Friday, January 17, 2014

Encouragement

God knew in the wake of B leaving that I needed some encouragement.  Its so easy to feel like we are failing when things don't go the way we had planned.  But we are working with people, not machines.  Its not as easy as putting in the right formula and then waiting for the proper outcome.  They are people, and sensitive ones at that with pasts I can only imagine.  And lets not forget a sin nature.  But I cling to the fact that failure looks different in the kingdom of God.  What seems like failure from our perspective is often what God uses most powerfully.

Last night I got to talk to Y who recently moved out to be with her birth mother.  For the two years that she lived with us we talked and went back and forth about theology.  She grew up with her grandmother who faithfully took her to a church that I can only classify as being a cult with very legalistic theology.  Its dangerous because on the surface they seem to have all the right answers and in fact, meeting her mom I really thought that she really knew Jesus because she gave me all the right answers.  But last night Y shared with me that they are going to the same kind of church now where her mom lives.

Y has spent the last 2 years defending her church to me, its theology, its prophets, its teaching that you must pray three times a day and attend church daily in order to be saved.  She was constantly worried about her salvation because we did not attend church every day and in her mind grace had no place.  And so we studied and I showed her Scripture.  We talked about grace and that it is God's grace that saves us not anything that we or don't do.  Nothing that you do will make God love you more and nothing will make God love you less.  He loves you, that it is nature, and He is faithful even when we are not.

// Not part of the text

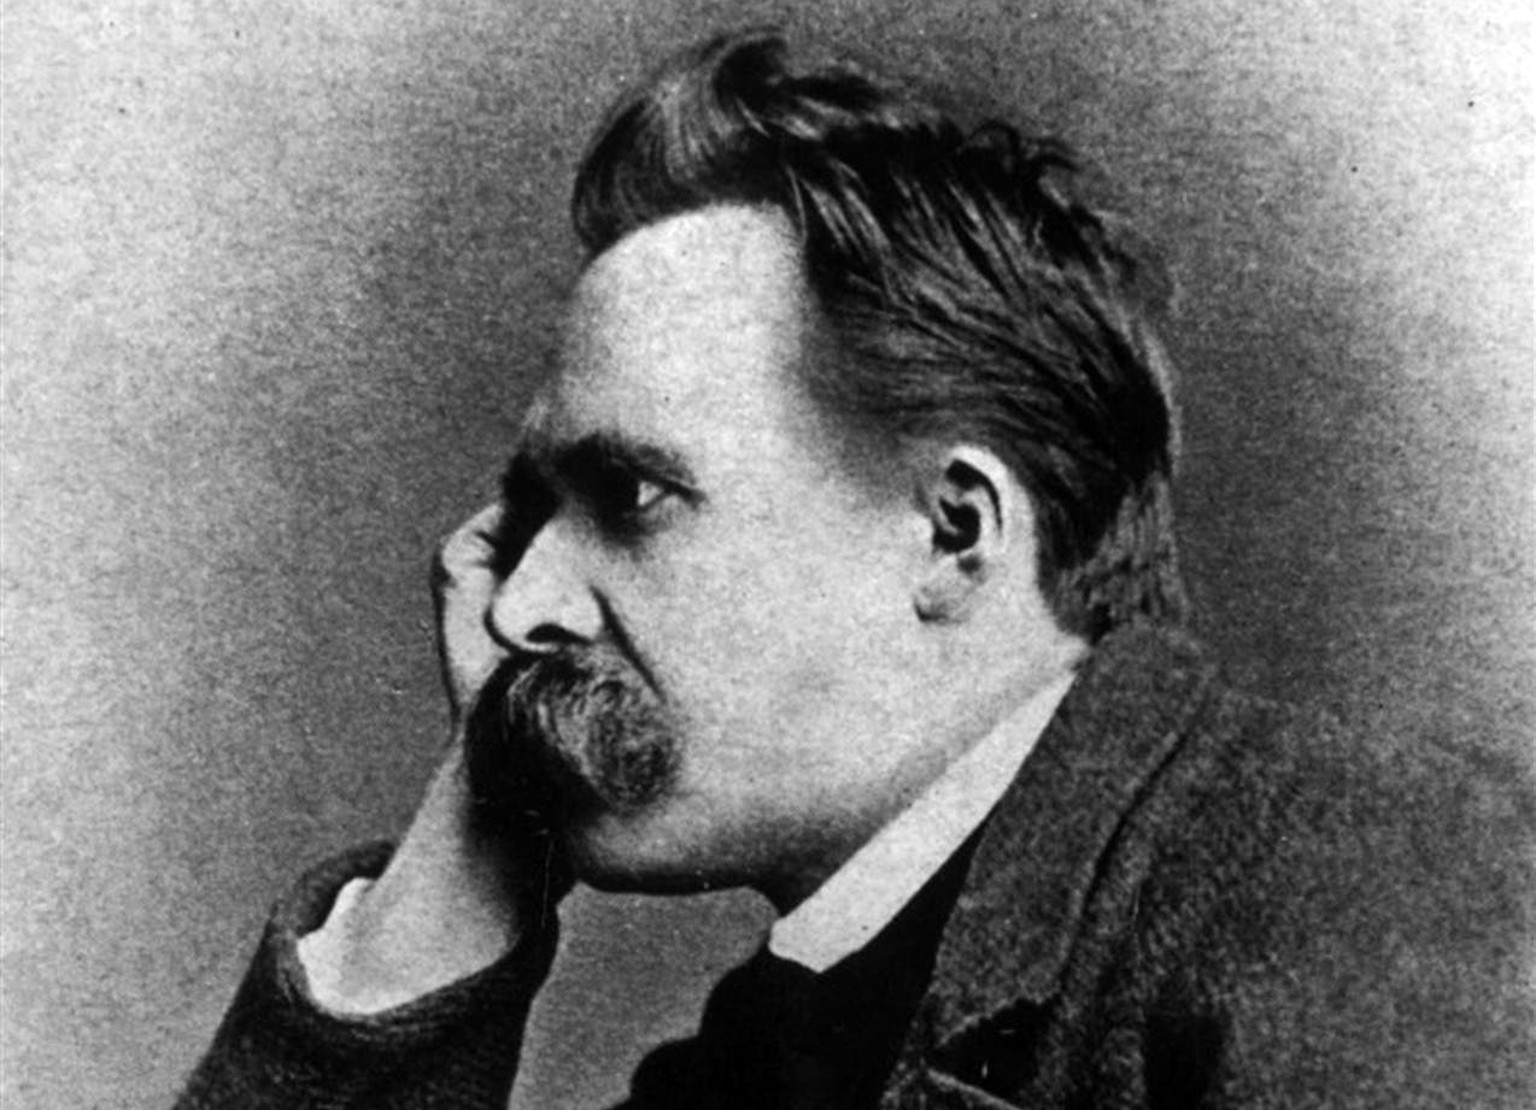 Für Nietzsche ist der Nihilismus das Ergebnis der Überzeugung, dass es keine absoluten Wahrheiten und Werte gibt. Hieraus ergibt sich ein «Glauben an die absolute Wertlosigkeit, das heisst Sinnlosigke ...

Talking to her last night she is discouraged, but for the first time I hear a real desire in her to really know Jesus and God's grace in her life.  She is going to church with her mom because her mom tells her she will lose her salvation.  But for the first time she voiced that she doesn't agree... "that's not what I read when we studied the Bible" she told me.  A prophet came to church and said things contrary to Scripture and although she has always defended prophets to the utmost last night she told me that God's Word is more important than a prophet.  She wants to find a different church they let her bring her Bible and teach her from it.

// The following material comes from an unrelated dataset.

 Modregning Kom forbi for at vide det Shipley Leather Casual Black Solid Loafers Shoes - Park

So she's discouraged... but for a good reason.  God is doing something in her heart and she is listening.  She is restless and wants Spiritual change.  Wow.  And she had to leave (what seems like failure) to be able to get where she is.  And I can say this... the Spiritual life of each of these girls is more important than whether or not we have 4 moms living in our children's home.  I pray that God will draw them to Himself, each one, in His time.  Wherever and whenever that needs to happen for their good and HIS glory!